ESER SÖZLEŞMESİNDE AYIPTAN SORUMLULUK
Eser sözleşmesi, Borçlar Hukuku’nun önemli bir alanını oluşturan, bir yüklenicinin (müteahhitin) belirli bir eseri meydana getirme yükümlülüğü altına girdiği, iş sahibinin ise bu esere karşılık bedel ödeme taahhüdünde bulunduğu bir sözleşme türüdür. Bu tür sözleşmelerde eserin ayıplı olup olmaması önemli bir sorumluluk doğurur. Ayıplı eser, taraflar arasında uyuşmazlıklara yol açabilen temel sorunlardan biridir. Türk Borçlar Kanunu (TBK) ve Yargıtay içtihatları ışığında, eser sözleşmesinde ayıptan sorumluluğun koşulları ve sonuçları önemli bir hukuki mesele olarak karşımıza çıkmaktadır.

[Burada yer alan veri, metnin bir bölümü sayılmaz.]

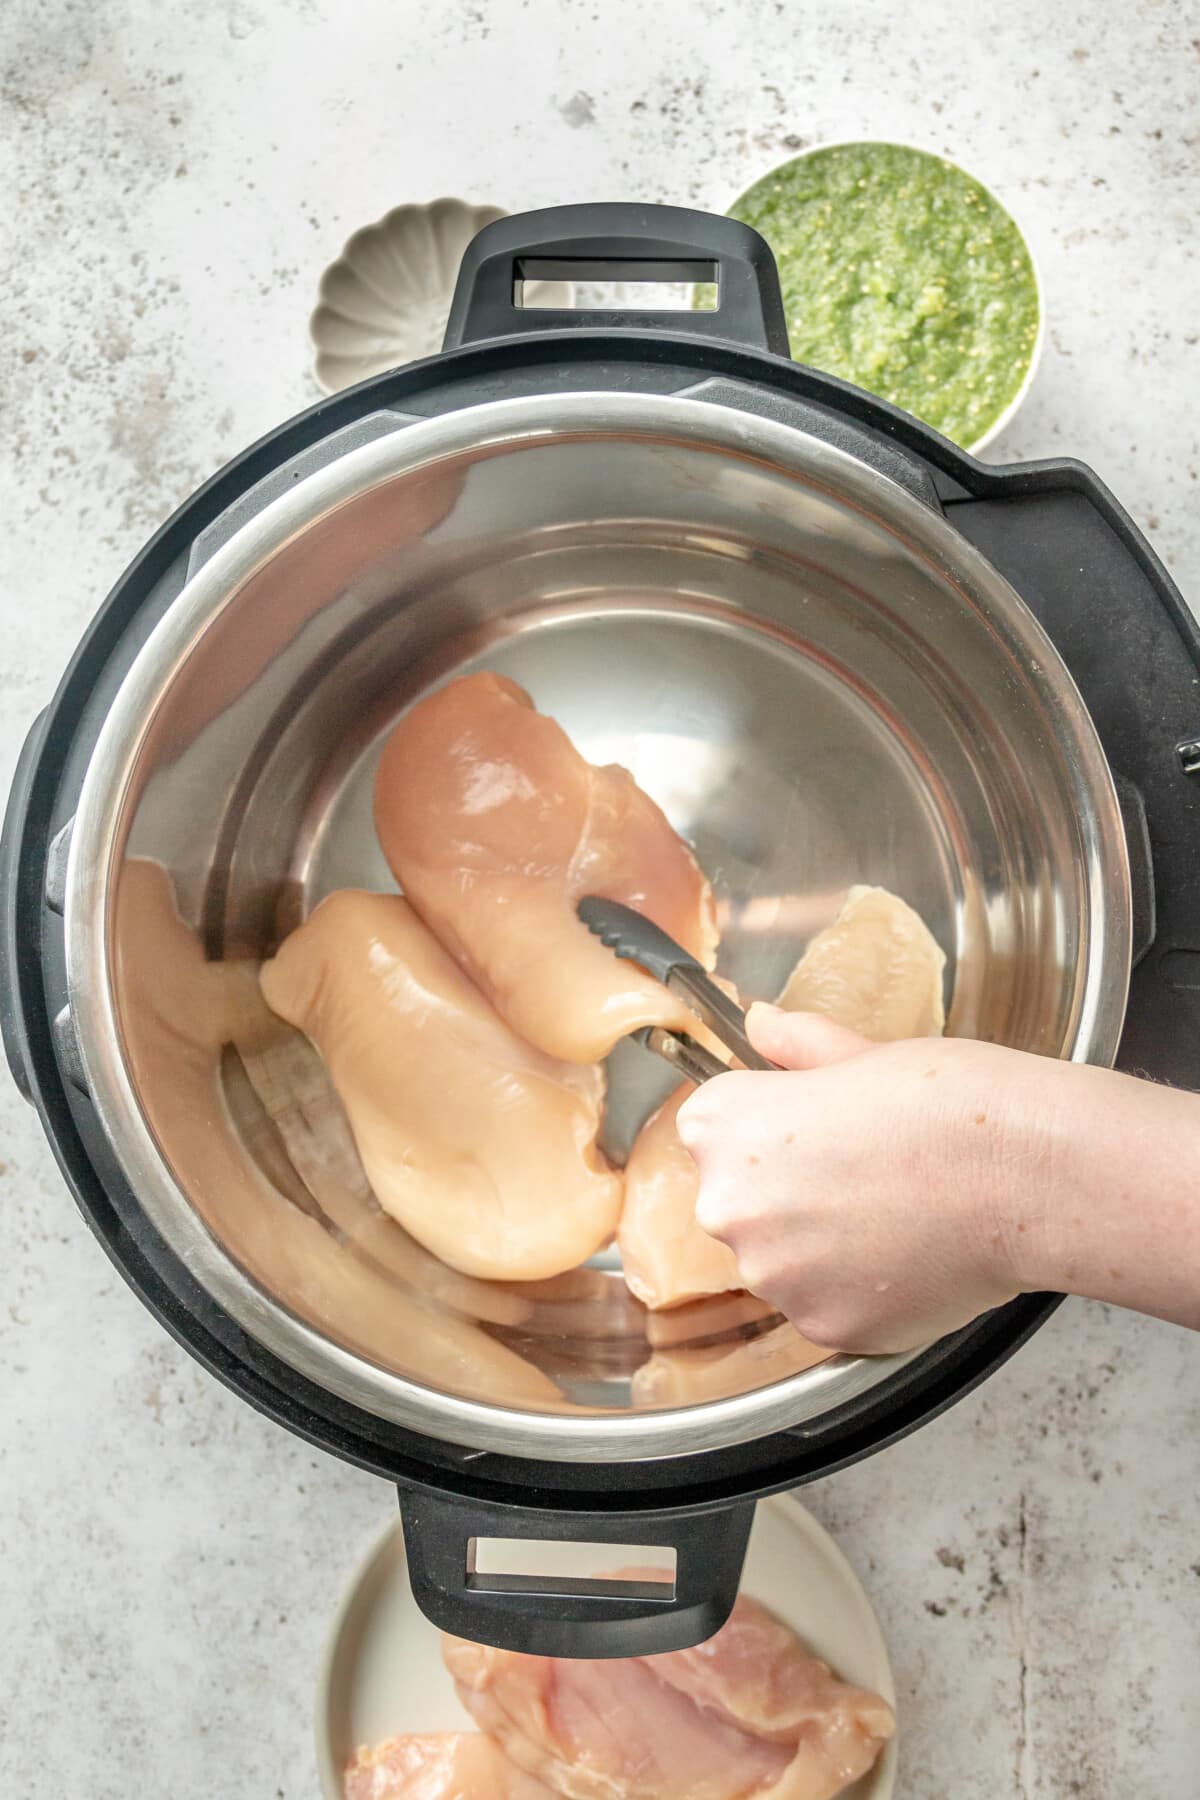 Chicken breasts are placed into an instant pot sitting on a light grey surface.

Bu makalede, eser sözleşmesinde ayıptan sorumluluk kavramı detaylı bir şekilde incelenecek, TBK’da düzenlenen hükümlerin yanı sıra Yargıtay’ın güncel içtihatları ile bu sorumluluğun uygulama alanına nasıl yansıdığı değerlendirilecektir.
Eser Sözleşmesinde Ayıptan Sorumluluk Kavramı
Ayıplı ifa, TBK m. 474 ve devamı maddelerinde düzenlenmiştir. Bir eserin ayıplı sayılabilmesi için eserin, taraflar arasında kararlaştırılan nitelikleri taşımaması ya da amaca uygun olmaması gerekmektedir. Ayıp kavramı, hem maddi hem de hukuki ayıpları kapsar. Eser sözleşmesinde ayıptan sorumluluk, eserin iş sahibine teslimiyle birlikte gündeme gelir ve yüklenicinin (müteahhitin) sorumluluğuna yol açar. Yüklenicinin sorumluluğunun kapsamı ise TBK m. 475-478 arasında ayrıntılı bir şekilde ele alınmıştır.
Ayıptan sorumluluğun ortaya çıkabilmesi için şu temel unsurların mevcut olması gerekmektedir:
- Eserin Teslimi: Yüklenici, eseri iş sahibine teslim etmelidir. Teslim anında eserdeki ayıpların varlığı sorumluluğun doğmasını sağlar.
- Ayıplı Olma Durumu: Eser, iş sahibinin beklentilerine, sözleşmede belirlenen niteliklere ya da genel kullanım amacına uygun olmalıdır. Bu nitelikleri taşımaması durumunda ayıplı kabul edilir.
- Ayıbın Süresi: Ayıbın gizli veya açık ayıp olmasına göre sorumluluğun süresi farklılık gösterir. Gizli ayıplar, teslim anında fark edilemeyen ancak sonradan ortaya çıkan ayıplar olup, iş sahibi bu tür ayıpları fark eder etmez yükleniciye bildirmelidir.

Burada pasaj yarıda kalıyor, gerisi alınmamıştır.